Weight: 230 lbs
Age: 30 years old
Position: Power Forward
NBA experience: 9 years
Key stats: Patterson played in 63 games for the Oklahoma City Thunder last season, starting five. He averaged 3.6 points in 13.7 minutes per game, while adding 2.3 rebounds. Patterson shot 37.4% on 2-pointers (3.5 shot attempts per game) and 33.6% on 3-pointers (1.3 attempts per game).
Contract status: Patterson signed a veteran’s minimum one-year/$2,331,593 deal with the Clippers this summer.
Expectations for Patrick Patterson this season are low, as they should be. He is entering the twilight of his NBA career — this will be his tenth season with his fifth team — and is well into the declining period of his game. Patterson has seen a steady drop in production and scoring since the 2013-14 season. Even with his ability to adapt to the new game and stretch the floor, Pat has had trouble finding consistent court time in recent years. Last season was a good example, as he was a healthy scratch in multiple games for a Thunder team that lacked both outside shooting and power forward depth outside of Jerami Grant. They found that a midseason trade for Markieff Morris would better ail their woes rather than giving Patterson burn. They also felt that adding Clipper legend Mike Muscala this summer would be better than keeping Patterson (Editor’s Note: Though the parting could well have been based on Patterson’s asking out as well), and Muscala is not very good.

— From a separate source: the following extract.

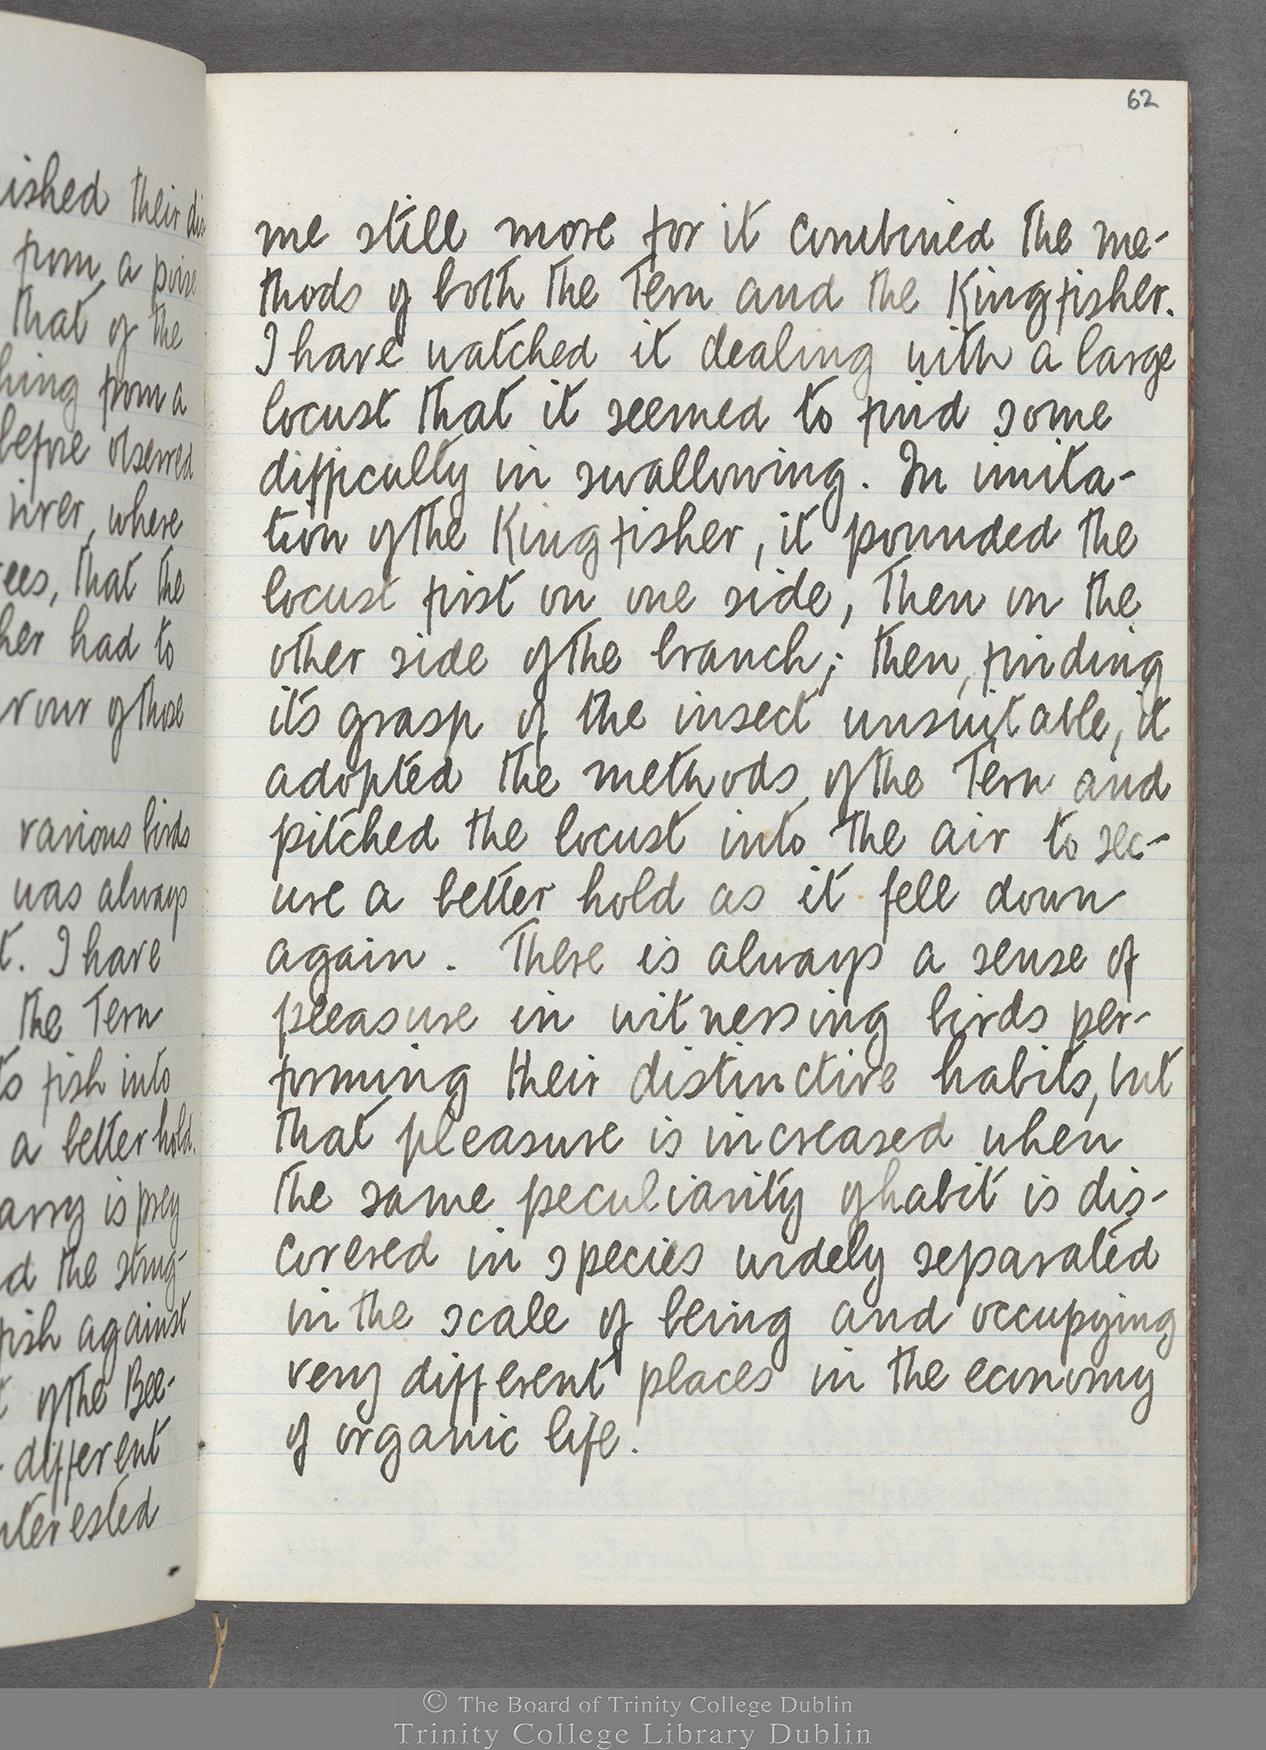 TCD MS 10516 folio 62 recto

You may be asking yourself, “wait what happened to Patterson? He was good in both Houston and Toronto, right?” To which the answer is, yes he was. Pat was power forward who could stretch the floor, shoot at a high clip (career 36.7% three-point shooter), hustle, and wasn’t afraid to do the dirty work defensively. He averaged above 10 points a game in back-to-back seasons in Houston and just below that mark in Toronto a few times. He was also a key member of those early Toronto playoff runs from 2013-2017, averaging above 10 points a game in back-to-back series in 2014 and 2015. Once upon a time, Patterson was an above average forward with a modern game.
Maybe it’s age, maybe it’s because of the injuries Patterson has routinely sustained throughout his career, maybe it’s just a game speeding past him, or maybe it was a bad fit in OKC, but PatPat just hasn’t been an effective NBA player now for a few seasons. It was so bad in the Bible Belt that he didn’t get a single minute in their playoff series against the Trail Blazers, despite being fully healthy.
In two seasons in OKC, Patterson had a combined net rating of -4.4, which is quite bad for a solid playoff team. Patterson has never been great defensively. He tries, but it’s to no avail most of the time. He’s 6’9” on a good day, so guarding big men consistently is a challenge, but he’s also fairly slow with his feet, so defending on the perimeter is tough as well. Does he get burned by a three or a quicker four, or does he get bodied in the paint by a bigger four or get switched onto a five? It’s tough to know what he can bring defensively in his year-30 season. Hopefully he can adjust and play well in spot minutes, but all signs point towards a struggle.
Where Patterson can help the Clippers, however, is offensively. While, again, he struggled mightily in OKC, Patterson was an offensive advanced stat darling in Toronto. He had three straight seasons — 2014-2017 — of an above 110 offensive rating with his peak only coming three seasons ago with a 114. Patterson knows how to shoot. This can’t be denied. He’s a great floor spacer who knows how to pick his spots and get in positions for a drive and kick. He’s also a solid pick and pop player who uses his big body to carve space on the perimeter, post screens, and fire away. Even in his first year with the Thunder, he still shot 38.6 percent from three on 2.1 attempts a game. Definitely nothing to shake your head at.
Patterson was brought in to L.A. to do just that. Play a few minutes a game if needed, and shoot a couple threes. If they go in? Fantastic. If not, it’s fine. He’ll only play a couple tics so guys like Moe Harkless, JaMychal Green, and Kawhi Leonard can get some quick rest. If he can make threes at a respectable rate and not play bad defense, Pat’s presence in a Clipper uniform won’t be a sour experience. Expectations are low, but he can help this team in minor ways if his shot is going down. I expect Pat to average around eight minutes a game and only appear in around 50% of the Clippers’ contests, if that. Anything more is found gold. Anything less is small potatoes and not that big of a deal.